To be a virtuous and well-govern'd youth (Act 1, Scene 5)

This is one of the most ennobled things Capulet says in the play, demonstrating that he is not unloving, as he may appear to be in other parts, especially when his daughter tells him she does not want to marry Paris.

Hang thee, young baggage! disobedient wretch!

I tell thee what—get thee to church a Thursday (165)

Or never after look me in the face.

Speak not, reply not, do not answer me! (Act 3, Scene 5)

Capulet’s anger at Juliet’s defiance stems both from his pride (he assured Paris that he "doubted not" Juliet would agree with him) and his frustration (he thinks he has made a good match for her).  In his mind, he is shocked and surprised.

It is not until he discovers his daughter’s death that he begins to feel contrite.  He feels bad because he forced her into marrying in secret and into killing herself.  He is grieving and guilt-ridden and decides to end the feud in her honor.

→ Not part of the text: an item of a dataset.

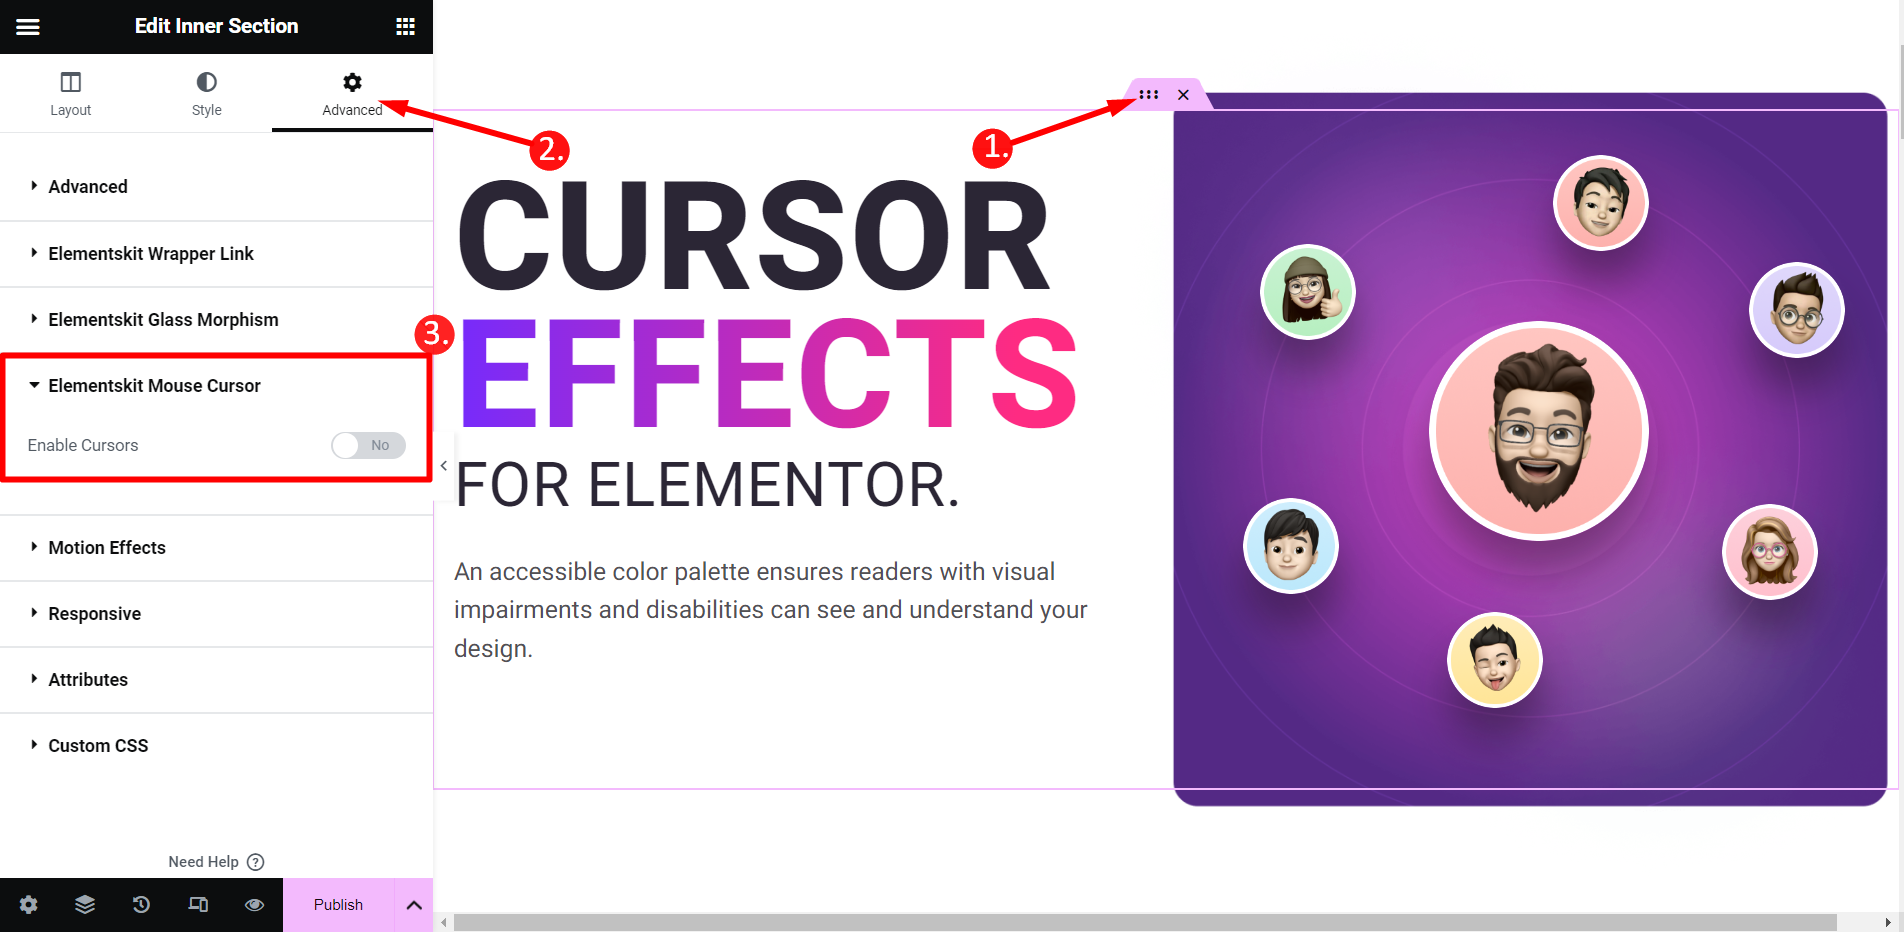 Using ElementsKit mouse cursor

O brother Montague, give me thy hand.

This is my daughter's jointure, for no more

Can I demand. (Act 5, Scene 3)

In the end, Capulet forgives Montague and agrees to let Romeo be buried in the Capulet tomb with his daughter.  He has reformed, having lost his only daughter.  It took that to help him realize what he had.

Capulet does show a progression throughout the play.  By the end of the play, he has paid the greatest consequence for his folly with Montague and he realizes this too late.